Spring 2021
Tuesday and Thursday, 6:10-7:30 PM, PAB 104

Nathalia King
CC305, office hours Monday and Wednesday, 1:30-3:00PM
e-mail: nking@reed.edu; tel: 503-517-7697 

Course Description

This course will study the relations between description and narration in the novel. We will explore how literary description is constituted, the variety of purposes it has, and how those purposes might sustain, diverge from or complicate the narrative's project. Our inquiry will be guided by three basic questions. In what ways might one usefully catalog the relations between description's special interests in specific moments, landscapes, objects, characters and the plot’s overarching teleology?  How does the relation between description and narration illuminate a novel’s representation of material culture, its place in a literary tradition, or its role as a carrier of ideology?
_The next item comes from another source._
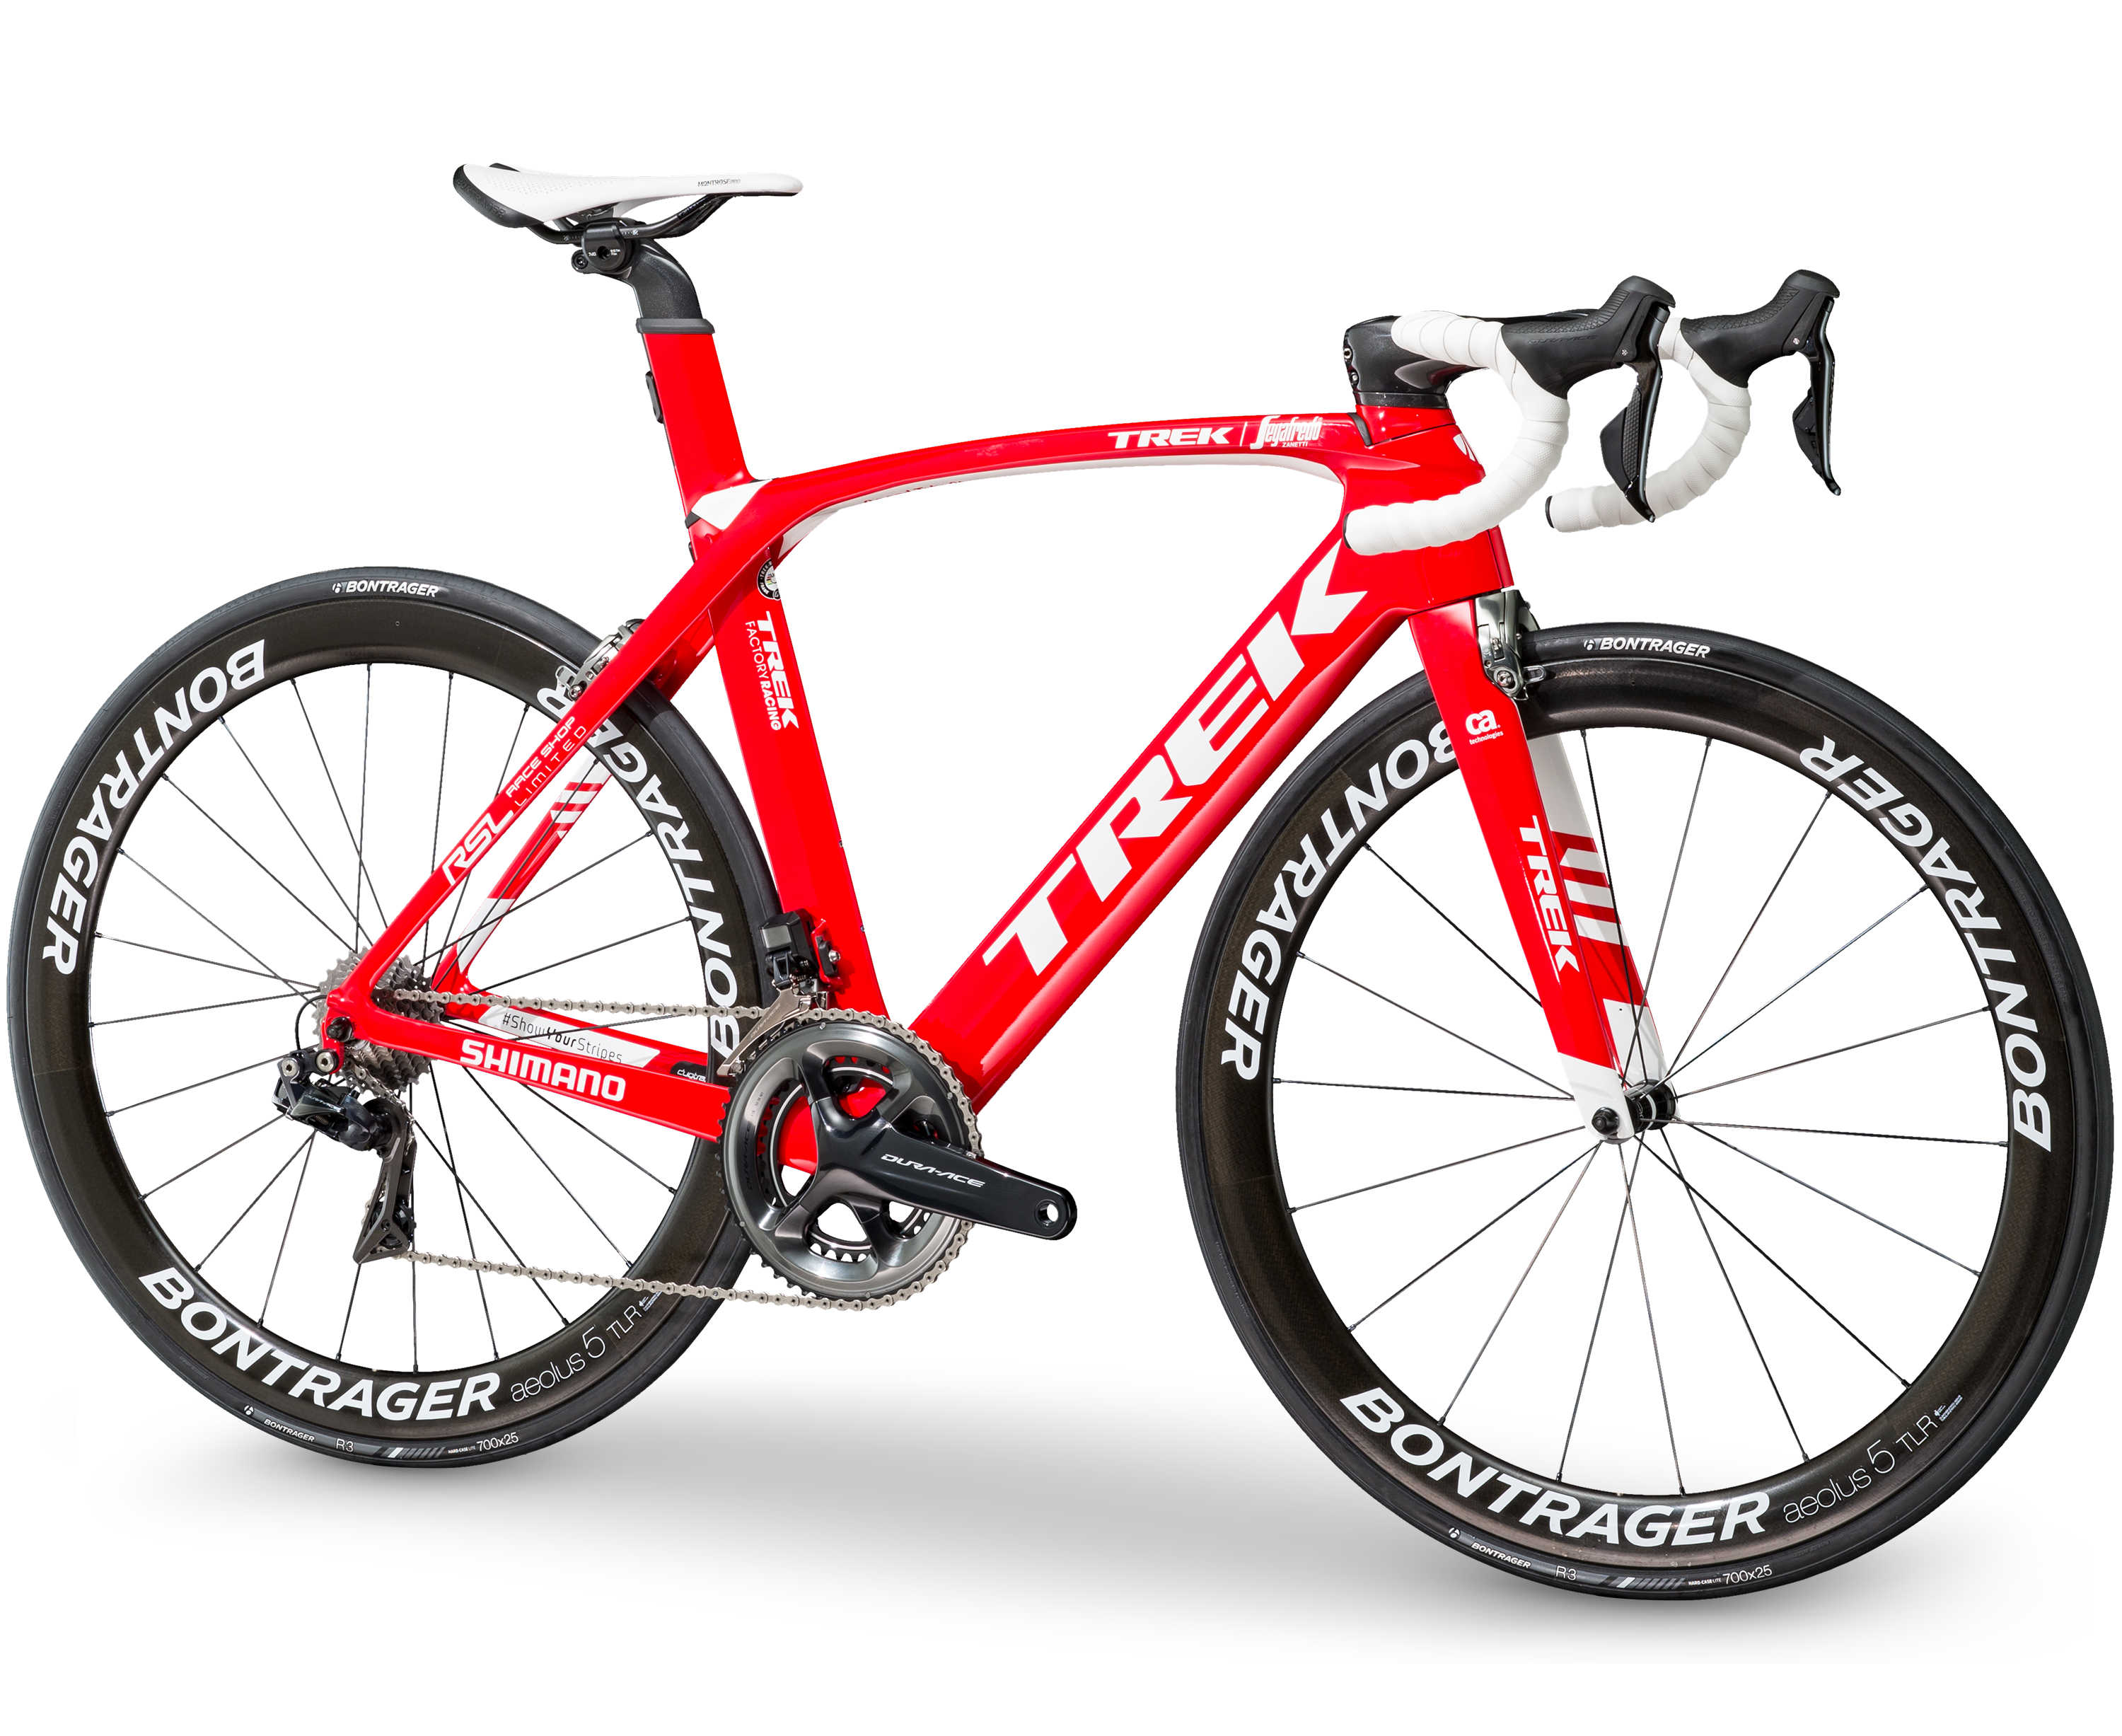 Xe đạp đua Trek Madone Race Shop Limited đỏ red

How do the preferred media or optic technologies of a particular period influence the composition of the novel? For purposes of rudimentary historical survey, the course opens with bookend texts, one from the ancient, one from the contemporary, and one from the medieval period.  For purposes of closer study, we will spend most of the semester reading naturalist, realist, and modernist novels.

Learning Outcomes

  1. Learn to recognize, define, and use theoretical terms and concepts pertaining to description and narratology;
  2. Learn to compare narratological theories in relation to one another and in their historical contexts;
  3. Reflect on the cogency and potential applications of theoretical arguments;
  4. Refine close reading and analytical writing skills.